Der zerrissene Faden der Ariadne

Gerburg Treusch-Dieter Am Sonntag letzter Woche starb meine Diplommutter Gerburg Treusch-Dieter. Seit Freitag, als mir diese schlimme Nachricht überbracht wurde, ist noch keine Stunde vergangen, in der ich nicht an sie zurückdenken musste. Sie, die linke Foucault-Feministin, war eine der wenigen Dozent_innen, die mir ganz persönlich etwas bedeuteten. Ihre Freundlichkeit und Anteilnahme, ihr sarkastischer Witz und ihr unendlicher Esprit, zu dem ich stets bewundernd aufschaute, wird mir unvergesslich bleiben.

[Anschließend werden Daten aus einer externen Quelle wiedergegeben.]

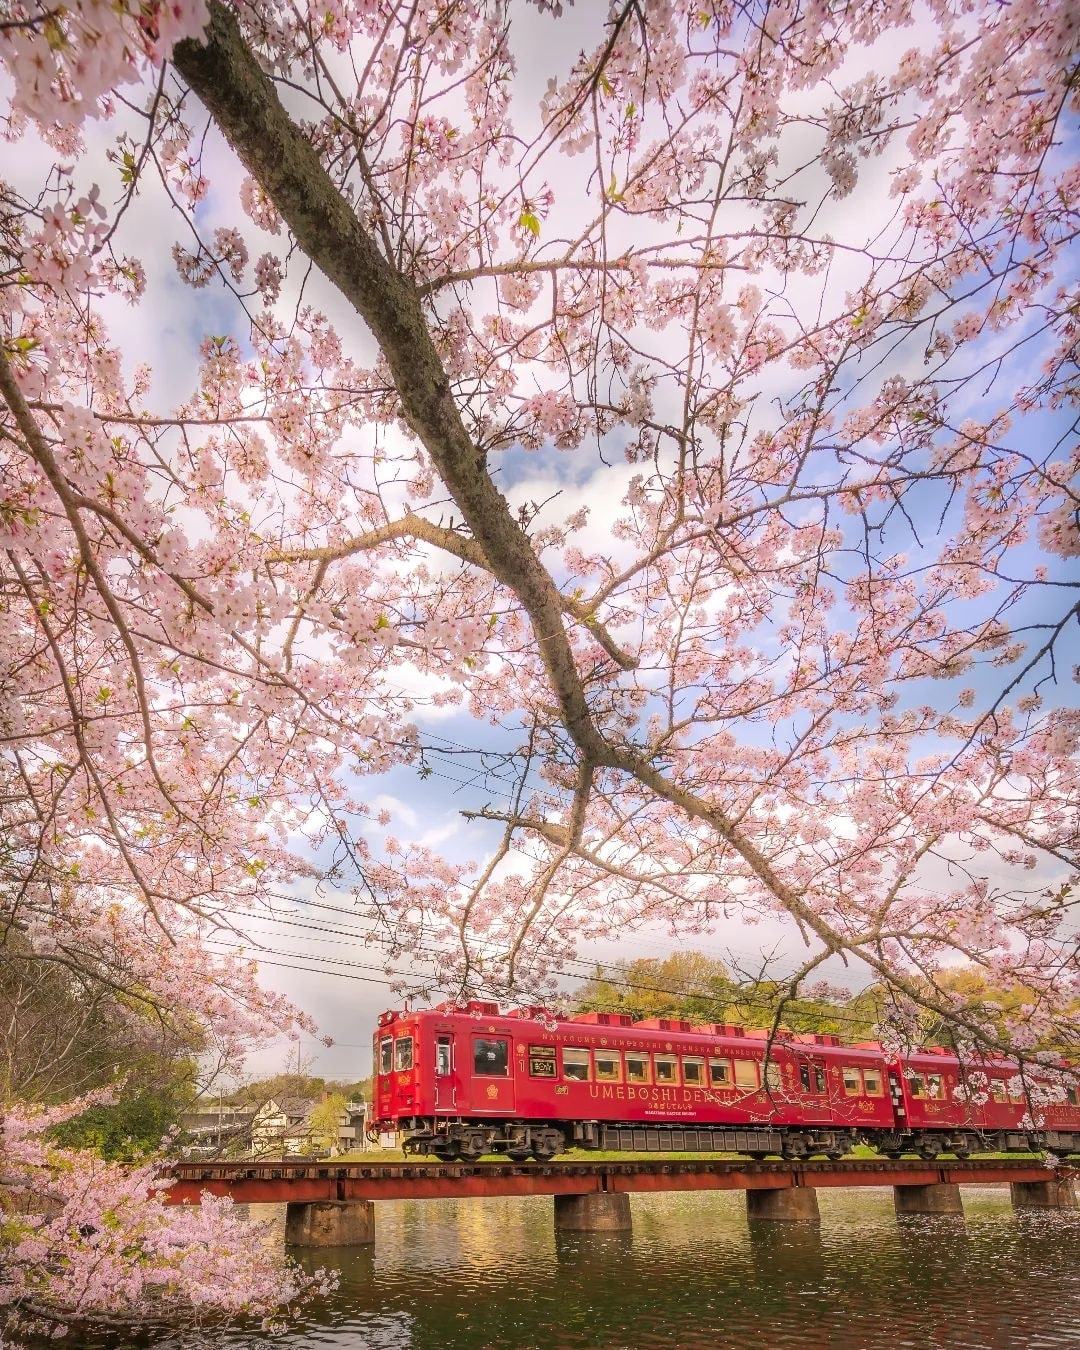 Cvetanje trešnje u Japanu - Page 2 F64b616082383fa14ff274c27aea2b2110b6b986

Ich hab sie erst relativ spät in meinem Studium kennengelernt, denn ihre kulturwissenschaftliche Art zu denken lag mir als Marxist, der die Wahrheit in den materiellen Produktionsverhältnissen suchte, zunächst sehr fern. Die Beschäftigung mit Religion und Mythen, mit Technologie und Medien — das war meine Sache nicht. Doch es war schließlich sie, die mir nicht nur einen tieferen Zugang zu Michel Foucault verschaffte (den sie auf immer wieder neue und originelle Weise interpretierte), sondern mich auch — vom Standpunkt einer feministischen Religionskritik — über Bedeutung und Gehalt des Christentums für eine „Geschichte der Gegenwart“ belehrte.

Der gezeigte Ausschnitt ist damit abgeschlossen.